I closed my eyes, my thoughts only of Alyssa Ford. As I drifted off, my life played out against my eyelids.

33

Jack

2009

“Okay, here it comes,” I said to my brother. “Are you sure you can handle it?”

“Just throw it already!” Eric said, crouched down like a catcher.

I kicked my leg up like Scott Kazmir and fired a fastball to my brother. I missed my spot by a foot, and he had to dart to his left to catch it.

“Nice one,” my buddy teased. “If Eric hadn’t caught that, it would’ve gone through my mom’s flowers!”

“I wish we had a radar gun,” I said. “That one was at least ninety!”

“In your dreams,” Eric replied. “Ninety is how hard the pros throw.”

“So?” I replied.

“So, you’re only eleven years old. I bet you’re not even hitting sixty.”

“You don’t know!” I shot back at him. “Give me the ball.”

Eric rolled his eyes and tossed the ball back to me.

Before I could make my next pitch, I noticed two girls riding bikes up the road. They pulled up to the yard where we were playing. One of them immediately drew my attention. She had curly blonde hair and big, innocent eyes.

A lot of my friends still thought girls were gross, but I knew better. Girls could be pretty cool, as long as they weren’t annoying. This girl looked cool.

“Hello!” the blonde girl said, immediately walking up to me. “I’m Alyssa, and this is my sister, Brandi.”

Why did my stomach feel funny when she smiled at me? I wanted her to like me. I wasn’t sure how to talk to girls, but me and my brothers liked to tease each other. That was our way of making friends.

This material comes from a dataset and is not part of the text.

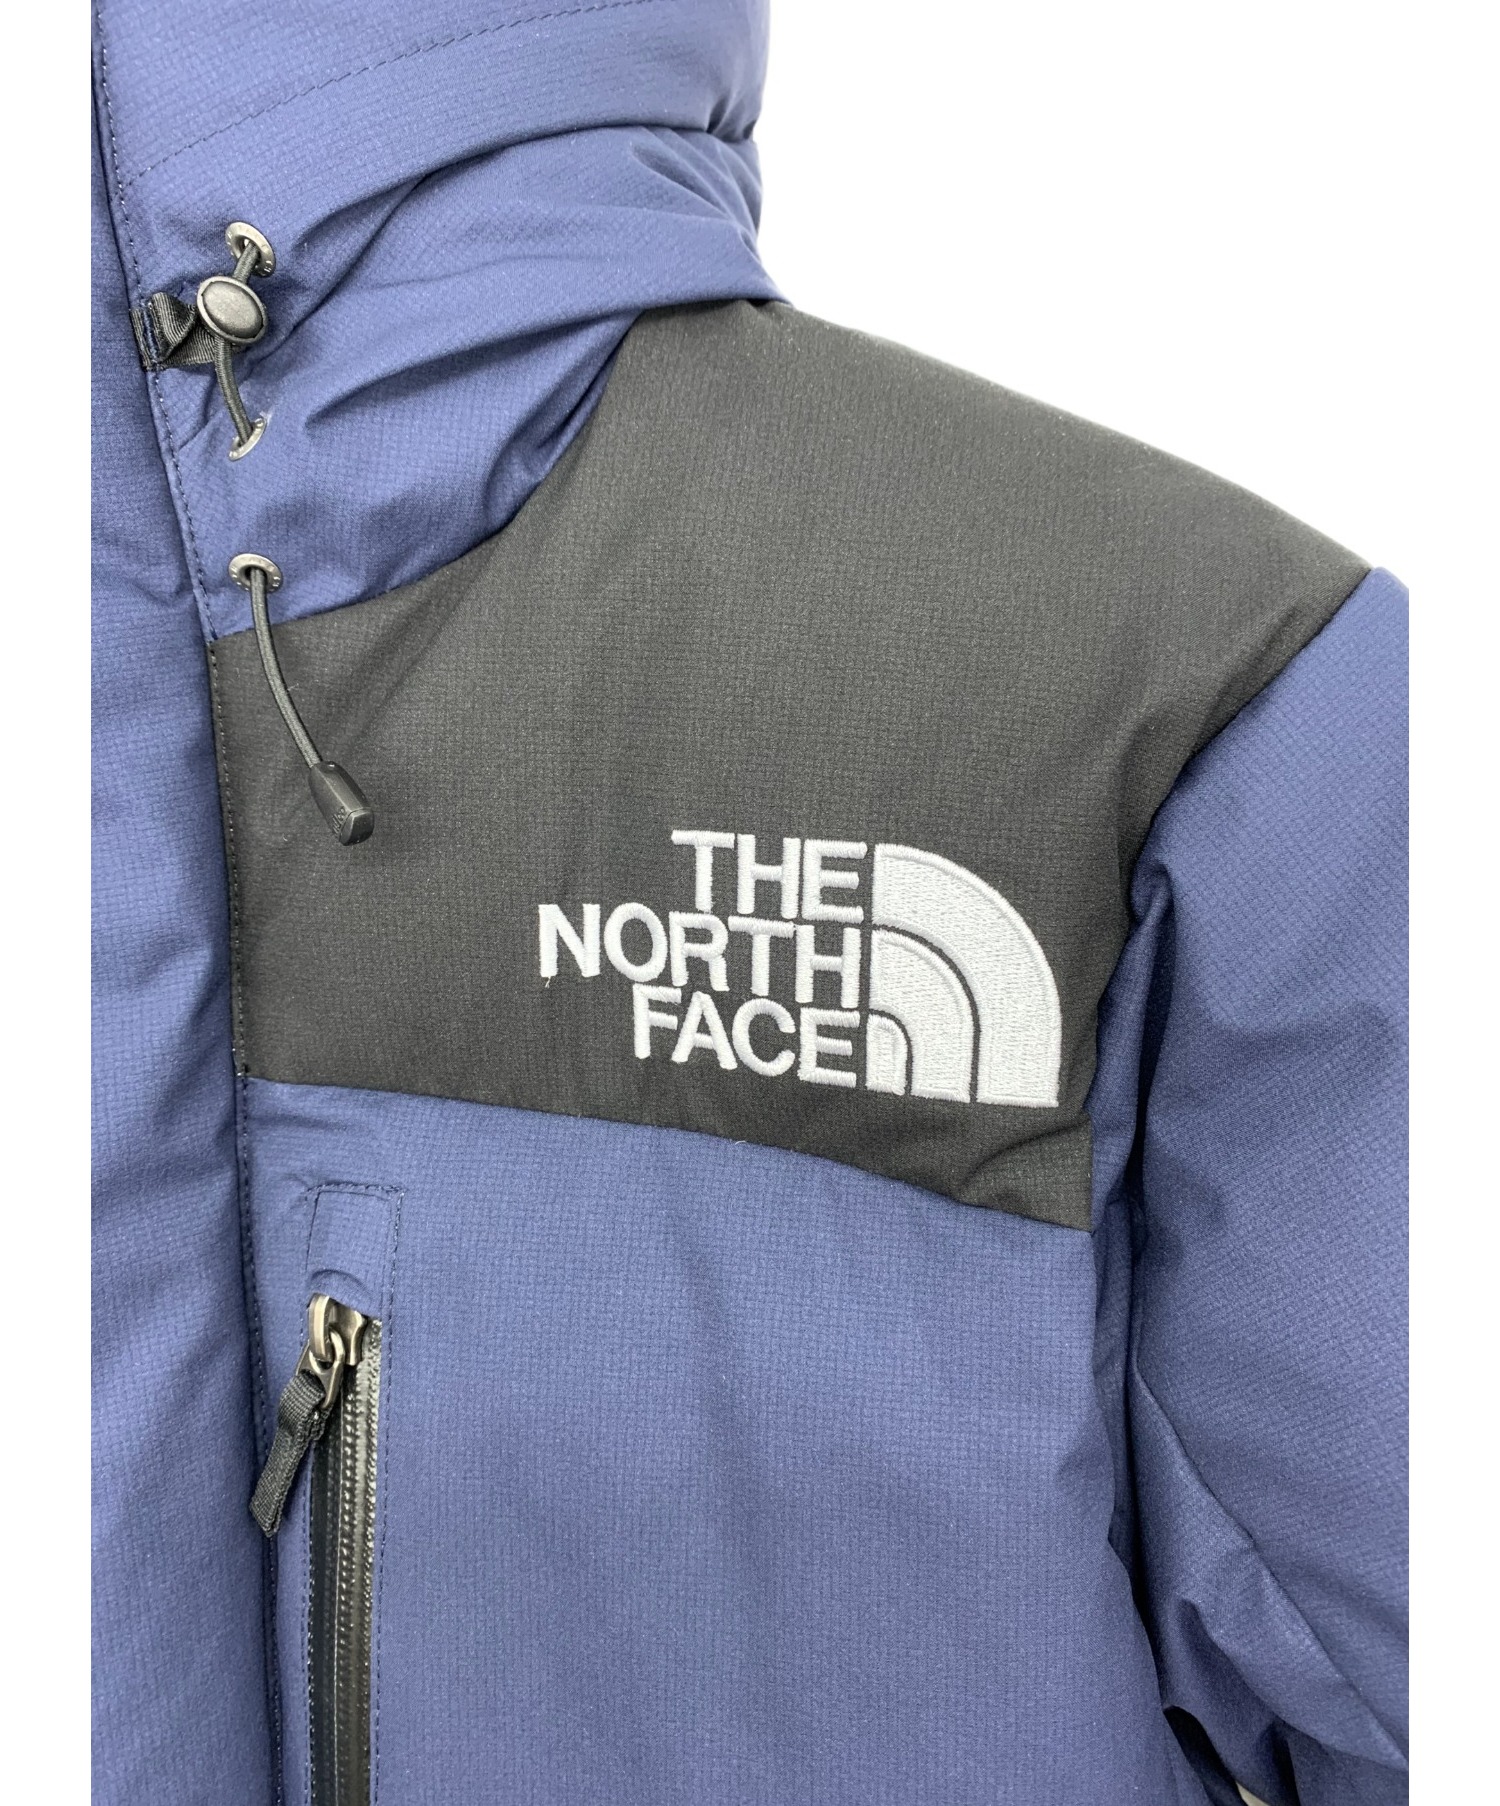 THE NORTH FACE (ザノースフェイス) バルトロライトジャケット ネイビー×ブラック サイズ:S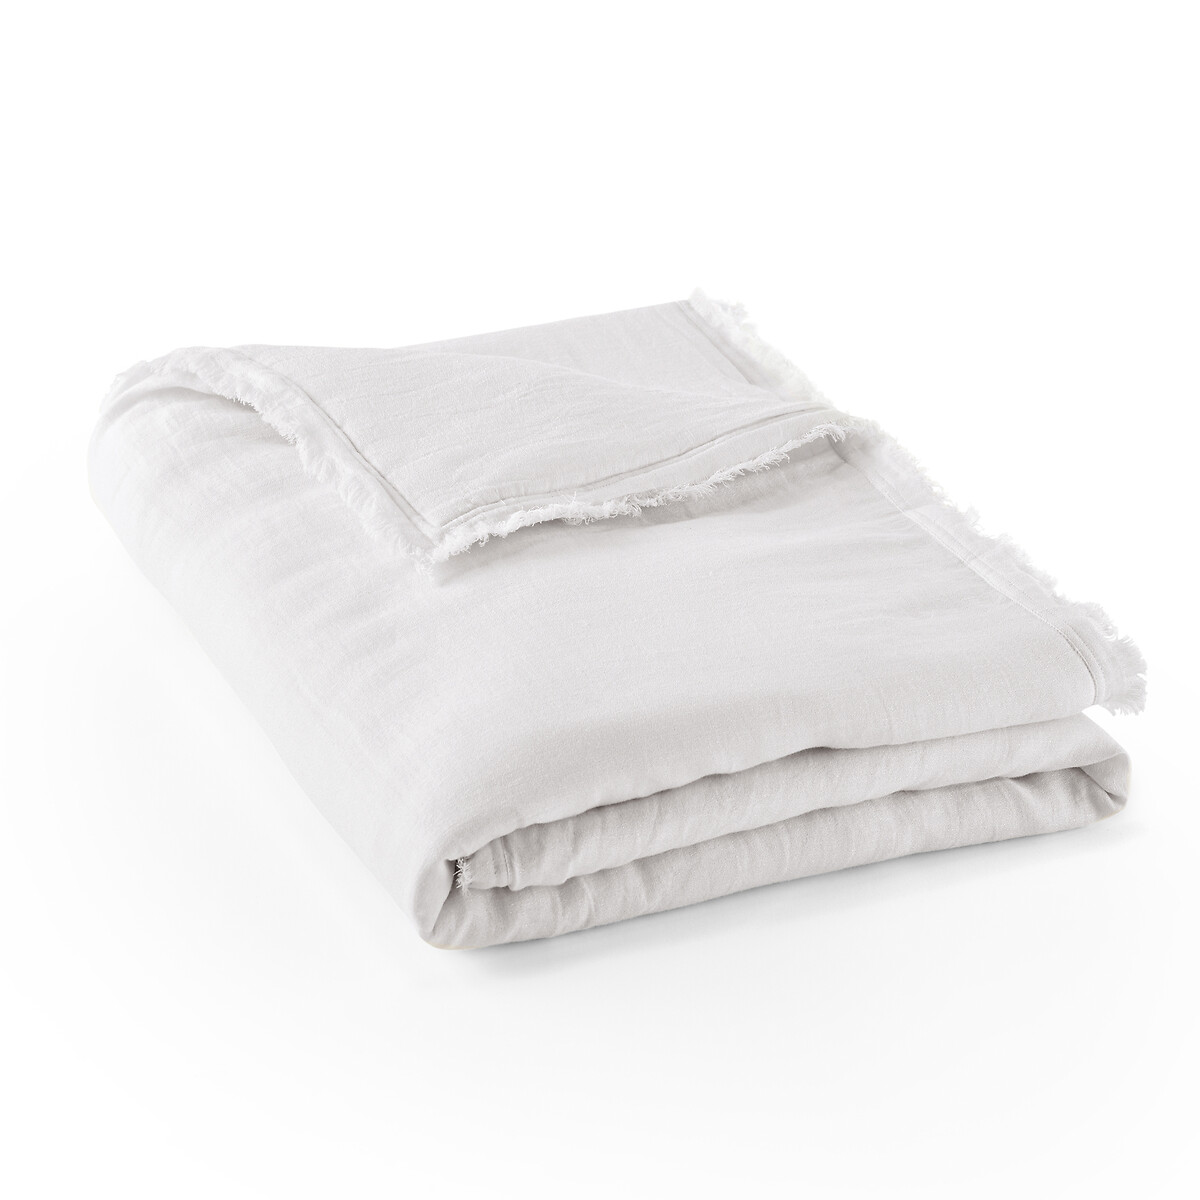 Одеяло La Redoute Стеганое из льна и хлопка Anchaly 130 x 180 см белый, размер 130 x 180 см - фото 1

“Hello rhymes with yellow,” I said, “which is the color of pee.”

My buddies laughed, but the blonde girl did not. That was weird. Maybe she didn’t get the joke.

“You root for the Braves?” my brother asked.

“Duh! They’re the best,” the second girl said. I barely glanced at her; I couldn’t take my eyes off the blonde. Alyssa. She’s pretty. I had never thought of any girls in my class that way before, but Alyssa was definitely pretty.

“The Braves stink,” my brother said. “Everyone here roots for the Rays. They went to the World Series.”